This is the mail archive of the
libc-alpha@sourceware.org
mailing list for the glibc project.
Re: [PATCH v2] Improve performance of memmem
- From: Szabolcs Nagy <Szabolcs dot Nagy at arm dot com>
- To: Wilco Dijkstra <Wilco dot Dijkstra at arm dot com>, 'GNU C Library' <libc-alpha at sourceware dot org>
- Cc: nd <nd at arm dot com>
- Date: Tue, 11 Jun 2019 09:30:29 +0000
- Subject: Re: [PATCH v2] Improve performance of memmem
- References: <DB5PR08MB1030105EE3706615A33BB02283B80@DB5PR08MB1030.eurprd08.prod.outlook.com> <DB5PR08MB10306332982B5ADC766894BE83920@DB5PR08MB1030.eurprd08.prod.outlook.com> <DB5PR08MB1030235578A697313FCF191F83730@DB5PR08MB1030.eurprd08.prod.outlook.com> <AM6PR08MB5078F033E9076789B9A1D1A383470@AM6PR08MB5078.eurprd08.prod.outlook.com> <AM6PR08MB5078D8B9BFBCA6DCF84D875383280@AM6PR08MB5078.eurprd08.prod.outlook.com> <VI1PR0801MB2127BC5B98C3584BFA3B92E883020@VI1PR0801MB2127.eurprd08.prod.outlook.com> <VI1PR0801MB212778920393C7817D1FE08983130@VI1PR0801MB2127.eurprd08.prod.outlook.com> <VI1PR0801MB21278FF8424901F1FEC9AAFB83130@VI1PR0801MB2127.eurprd08.prod.outlook.com>
On 10/06/2019 19:31, Wilco Dijkstra wrote:
> v2: Update comments after review.
>
> This patch significantly improves performance of memmem using a novel
> modified Horspool algorithm.
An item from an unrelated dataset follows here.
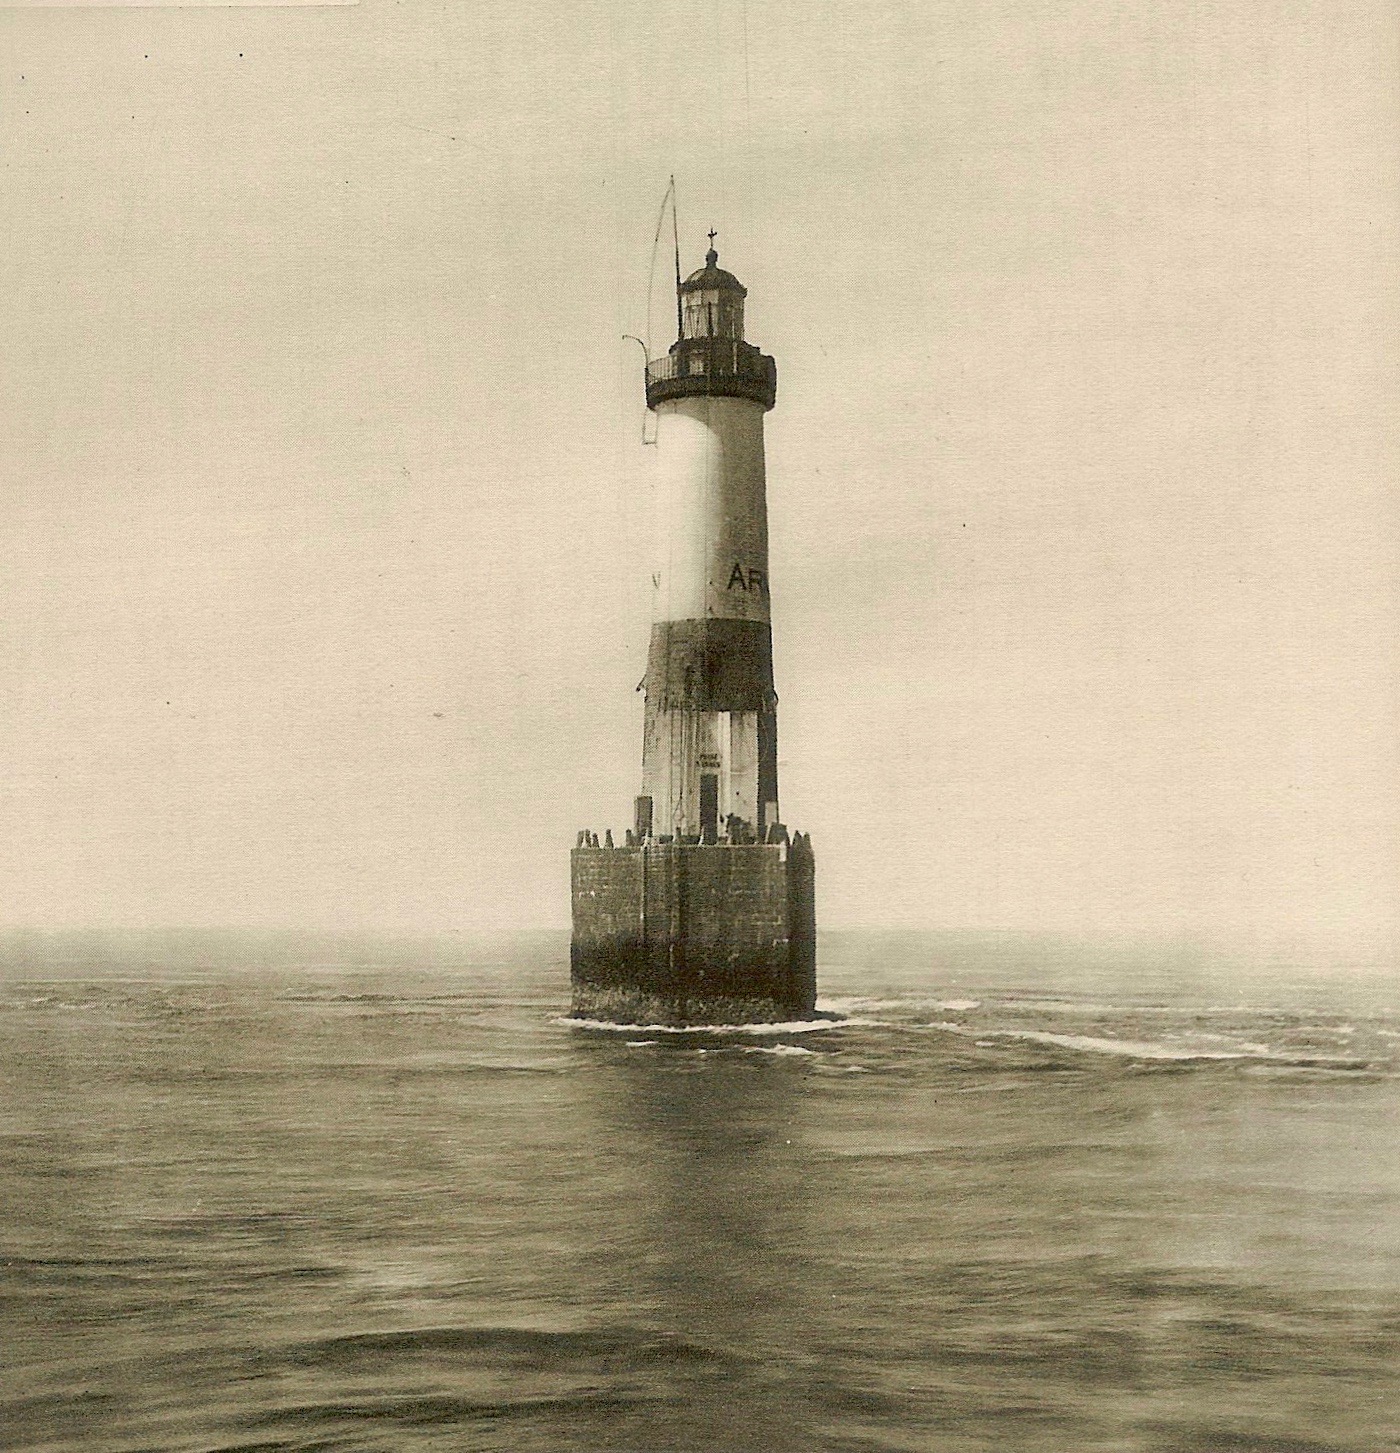 Lampe phare marin : reproduction du phare Ar Men de l'Ile de Sein

Needles up to size 256 use a bad-character
> table indexed by hashed pairs of characters to quickly skip past mismatches.
> Long needles use a self-adapting filtering step to avoid comparing the whole
> needle repeatedly.
>
> By limiting the needle length to 256, the shift table only requires 8 bits
> per entry, lowering preprocessing overhead and minimizing cache effects.
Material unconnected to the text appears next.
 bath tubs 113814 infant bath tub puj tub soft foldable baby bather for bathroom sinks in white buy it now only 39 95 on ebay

> This limit also implies worst-case performance is linear.
>
> Small needles up to size 2 use a dedicated linear search. Very long needles
> use the Two-Way algorithm (to avoid increasing stack size or slowing down
> the common case, inlining is disabled).
>
> The performance gain is 6.6 times on English text on AArch64 using random
> needles with average size 8 (this is even faster than the recently improved strstr
> algorithm, so I'll update that in the near future).
the comment about strstr is no longer relevant.
>
> Tested against GLIBC testsuite and randomized tests. OK for commit?
>
> ChangeLog:
> 2019-06-10 Wilco Dijkstra <wdijkstr@arm.com>
>
> * string/memmem.c (__memmem): Rewrite to improve performance.
>
Reviewed-by: Szabolcs Nagy <szabolcs.nagy@arm.com>
i only had one comment below if that's addressed
then i think it's ready to commit.
(but i think you should wait a day in case there
are further comments on this latest version.)
> + for ( ; hs <= end; )
> {
> - haystack = memchr (haystack, *needle, haystack_len);
> - if (!haystack || __builtin_expect (needle_len == 1, 0))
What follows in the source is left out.